Note that in my example node 1 is the leader for the only partition of the topic.

We can run the same command on the original topic we created to see where it is:

注意,上面例子中,節點1是topic僅有partition的leader

可以運行相同的命令查看test這個topic的信息:

> bin/kafka-topics.sh --describe --zookeeper localhost:2181 --topic test
Topic:test	PartitionCount:1	ReplicationFactor:1	Configs:
	Topic: test	Partition: 0	Leader: 0	Replicas: 0	Isr: 0

So there is no surprise there—the original topic has no replicas and is on server 0, the only server in our cluster when we created it.

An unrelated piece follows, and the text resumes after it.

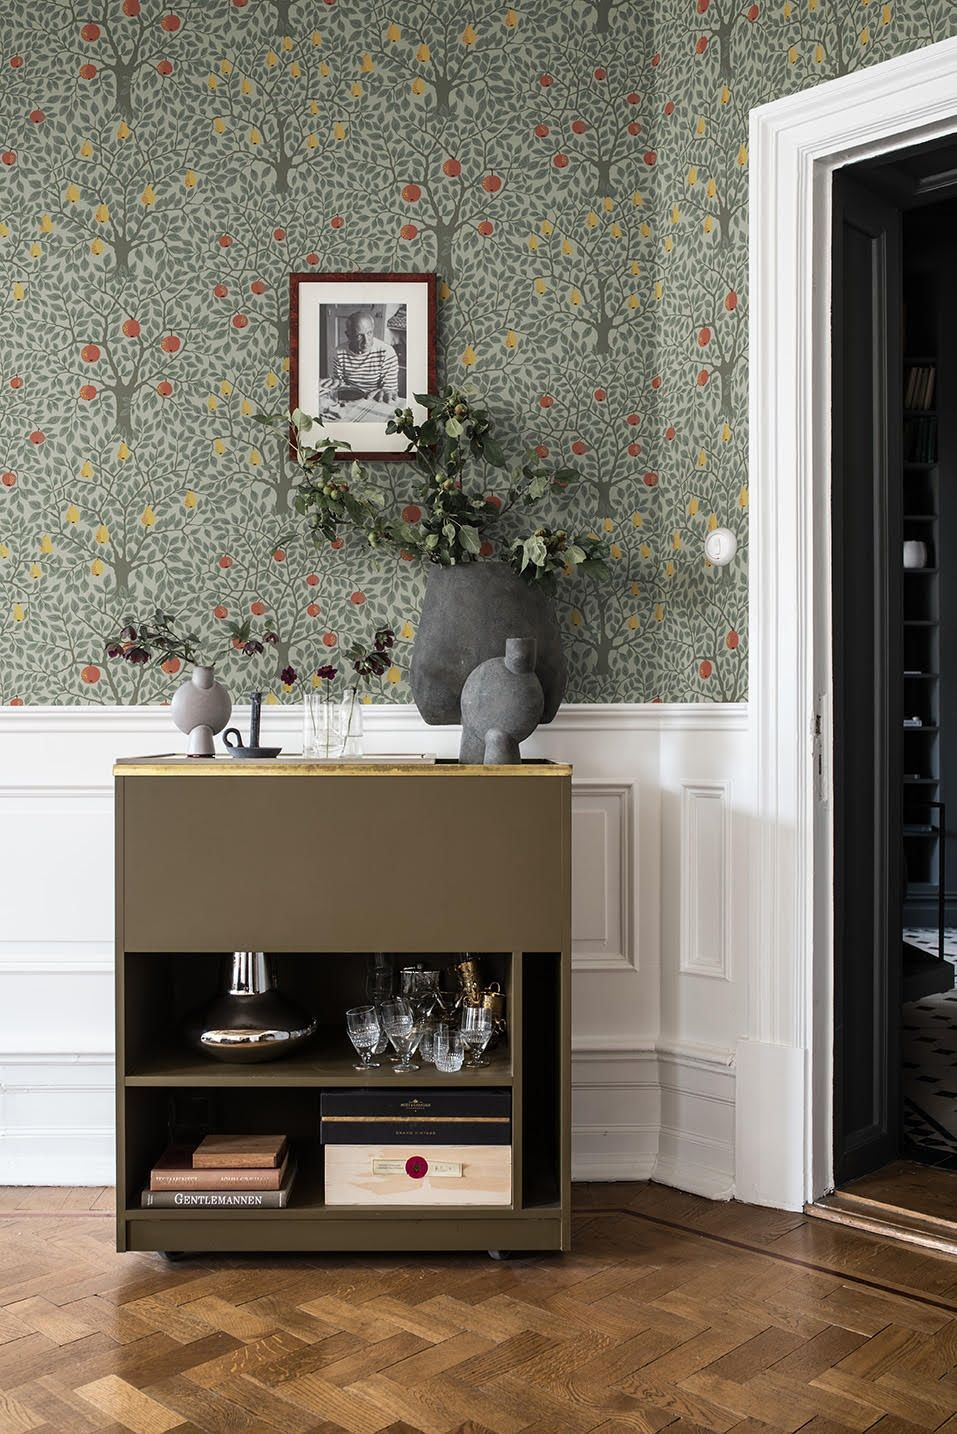 Tree Design Wallpaper Living Room: Bedroom Feature Wallpaper, Wallpaper

Let's publish a few messages to our new topic:

沒什麼意外的,test沒有備份節點,他只有一個leader節點0,即最初單例模式時的broker的id。

下面輸入一些消息給新topic

> bin/kafka-console-producer.sh --broker-list localhost:9092 --topic my-replicated-topic
...
my test message 1
my test message 2
^C

Now let's consume these messages:

> bin/kafka-console-consumer.sh --bootstrap-server localhost:9092 --from-beginning --topic my-replicated-topic
...
my test message 1
my test message 2
^C

Now let's test out fault-tolerance. Broker 1 was acting as the leader so let's kill it:

接下來測試一下容錯。broker 1是leader,因此殺掉這個進程看一下:

> ps aux | grep server-1.properties
7564 ttys002    0:15.91 /System/Library/Frameworks/JavaVM.framework/Versions/1.8/Home/bin/java...
> kill -9 7564
On Windows use:
> wmic process get processid,caption,commandline | find "java.exe" | find "server-1.properties"
java.exe    java  -Xmx1G -Xms1G -server -XX:+UseG1GC ... build\libs\kafka_2.10-0.10.1.0.jar"  kafka.Kafka config\server-1.properties    644
> taskkill /pid 644 /f

Leadership has switched to one of the slaves and node 1 is no longer in the in-sync replica set:

leader已經變成原來slaves節點中的一個,節點1也不在活躍的備份列表中了

> bin/kafka-topics.sh --describe --zookeeper localhost:2181 --topic my-replicated-topic
Topic:my-replicated-topic	PartitionCount:1	ReplicationFactor:3	Configs:
	Topic: my-replicated-topic	Partition: 0	Leader: 2	Replicas: 1,2,0	Isr: 2,0

But the messages are still available for consumption even though the leader that took the writes originally is down:

即使leader剛纔被殺掉了,但是消息依然是可用的:

> bin/kafka-console-consumer.sh --bootstrap-server localhost:9092 --from-beginning --topic my-replicated-topic
...
my test message 1
my test message 2
^C

Step 7: Use Kafka Connect to import/export data

Writing data from the console and writing it back to the console is a convenient place to start, but you'll probably want to use data from other sources or export data from Kafka to other systems. For many systems, instead of writing custom integration code you can use Kafka Connect to import or export data.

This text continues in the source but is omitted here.